Welcome! We are glad that you want to contribute to our project! 💖

As you get started, you are in the best position to give us feedback on areas of
our project that we need help with including:

* Problems found during setting up a new developer environment
* Gaps in our Quickstart Guide or documentation
* Bugs in our automation scripts

If anything doesn't make sense, or doesn't work when you run it, please open a
bug report and let us know!

## Ways to Contribute

[Instructions](https://contribute.cncf.io/maintainers/github/templates/required/contributing/#ways-to-contribute)
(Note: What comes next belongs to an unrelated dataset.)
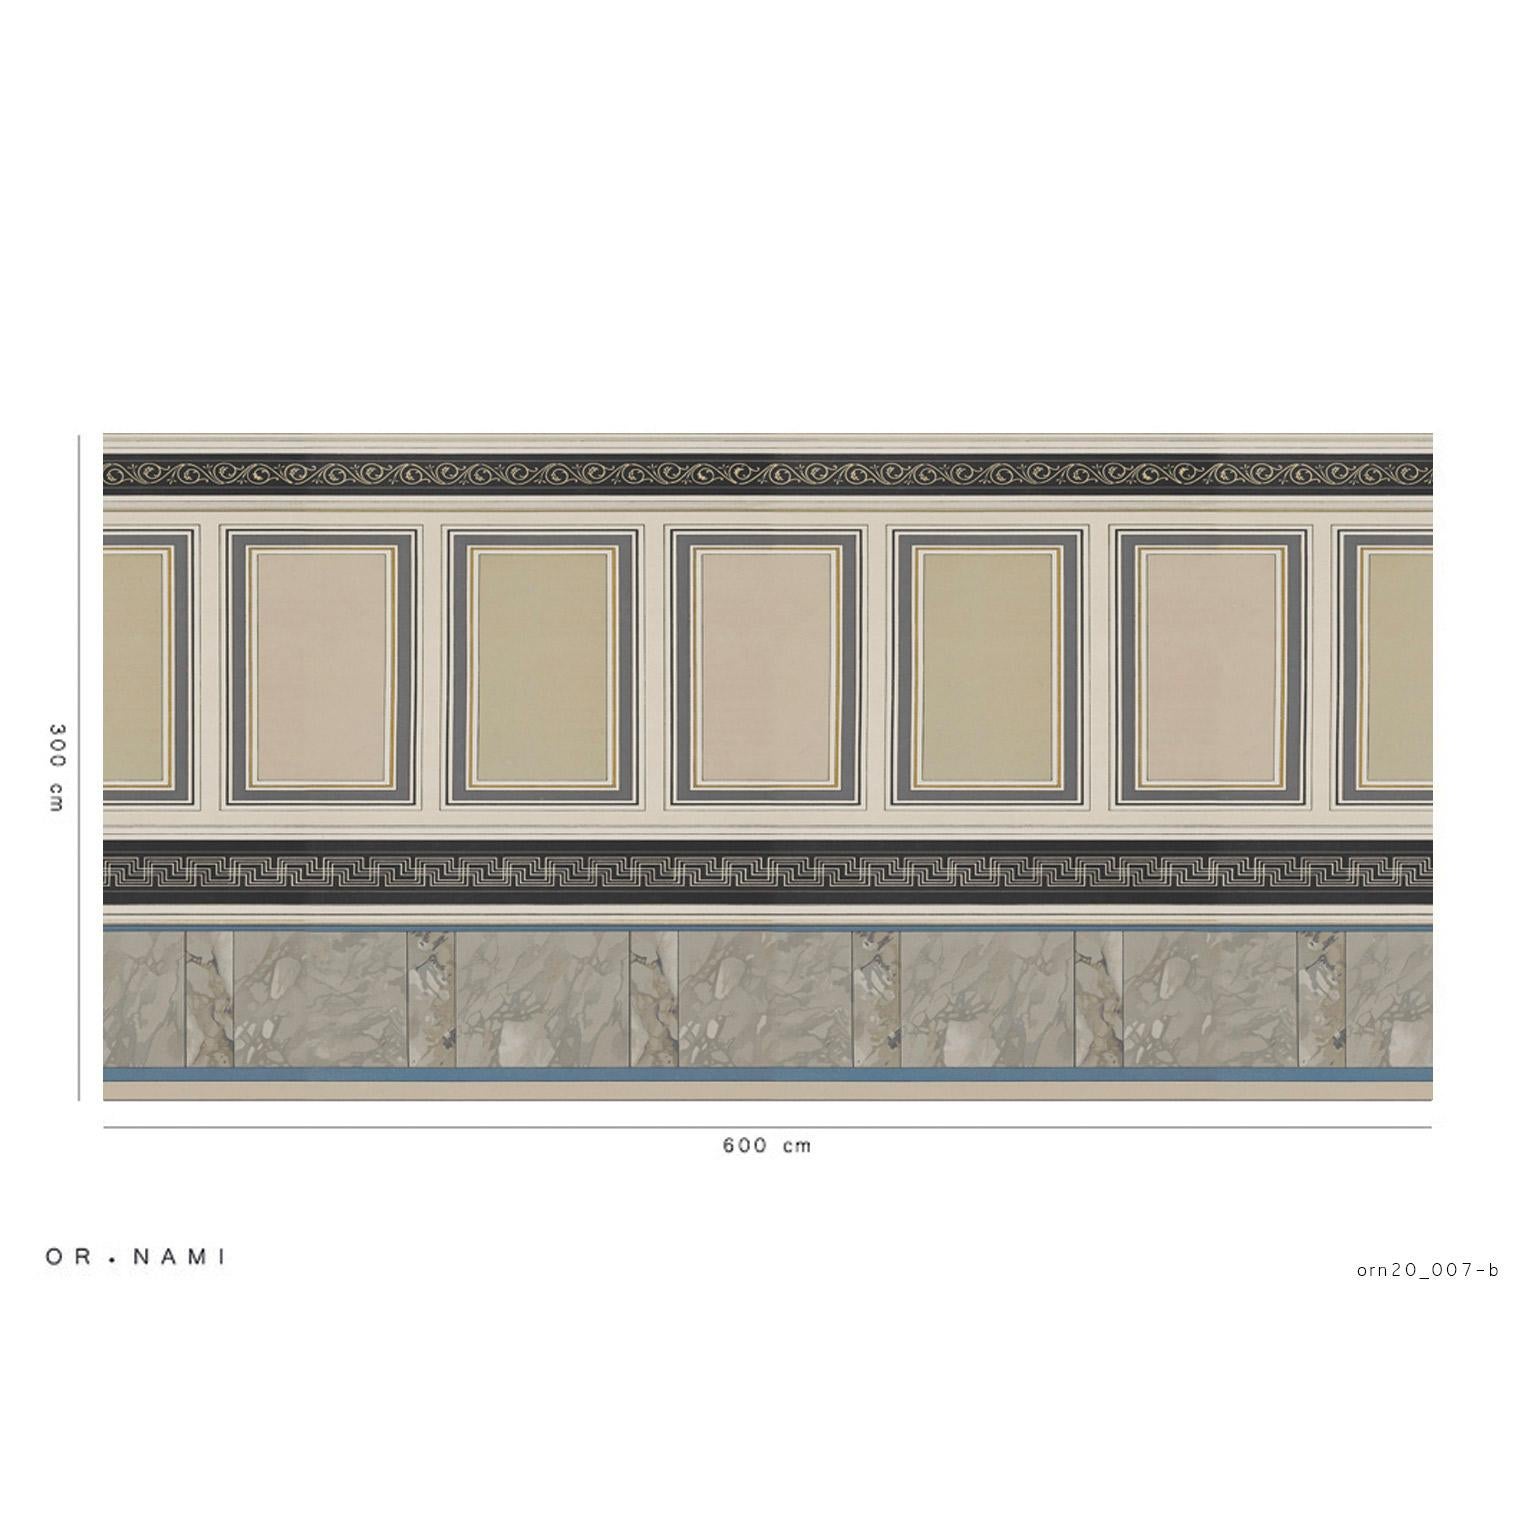 ORN20_007 It is an homage to the early Pompeian style of frescoes present in many of the temples and residences in Pompeii and Herculaneum, which have survived to the present day in all their sumptuous beauty. Large geometric bands which imitate the

We welcome many different types of contributions including:

* New features
* Builds, CI/CD
* Bug fixes
* Documentation
* Issue Triage
* Answering questions on Slack/Mailing List
* Web design
* Communications / Social Media / Blog Posts
* Release management

<!--
Not everything happens through a GitHub pull request. Please come to our
[meetings](TODO) or [contact us](TODO) and let's discuss how we can work
together. -->

<!--
### Come to Meetings
[Instructions](https://contribute.cncf.io/maintainers/github/templates/required/contributing/#come-to-meetings)
Absolutely everyone is welcome to come to any of our meetings. You never need an
invite to join us. In fact, we want you to join us, even if you don’t have
anything you feel like you want to contribute. Just being there is enough!
You can find out more about our meetings [here](TODO). You don’t have to turn on
your video. The first time you come, introducing yourself is more than enough.
Over time, we hope that you feel comfortable voicing your opinions, giving
feedback on others’ ideas, and even sharing your own ideas, and experiences.
-->

## Find an Issue

[Instructions](https://contribute.cncf.io/maintainers/github/templates/required/contributing/#find-an-issue)

We have good first issues for new contributors and help wanted issues suitable
for any contributor. [good first issue](TODO) has extra information to
help you make your first contribution. [help wanted](TODO) are issues
suitable for someone who isn't a core maintainer and is good to move onto after
your first pull request.

<!--
Sometimes there won’t be any issues with these labels. That’s ok! There is
likely still something for you to work on. If you want to contribute but you
don’t know where to start or can't find a suitable issue, you can ⚠️ **explain how people can ask for an issue to work on**.
-->

Once you see an issue that you'd like to work on, please post a comment saying
that you want to work on it. Something like "I want to work on this" is fine.

## Ask for Help

[Instructions](https://contribute.cncf.io/maintainers/github/templates/required/contributing/#ask-for-help)

The best way to reach us with a question when contributing is to ask on:

<!-- ⚠️ **Pick the way(s) that you prefer people ask for help** -->

* The original github issue
* The developer mailing list
* Our Slack channel

## Pull Request Lifecycle

[Instructions](https://contribute.cncf.io/maintainers/github/templates/required/contributing/#pull-request-lifecycle)

<!-- ⚠️ **Explain your pull request process** -->

## Development Environment Setup

[Instructions](https://contribute.cncf.io/maintainers/github/templates/required/contributing/#development-environment-setup)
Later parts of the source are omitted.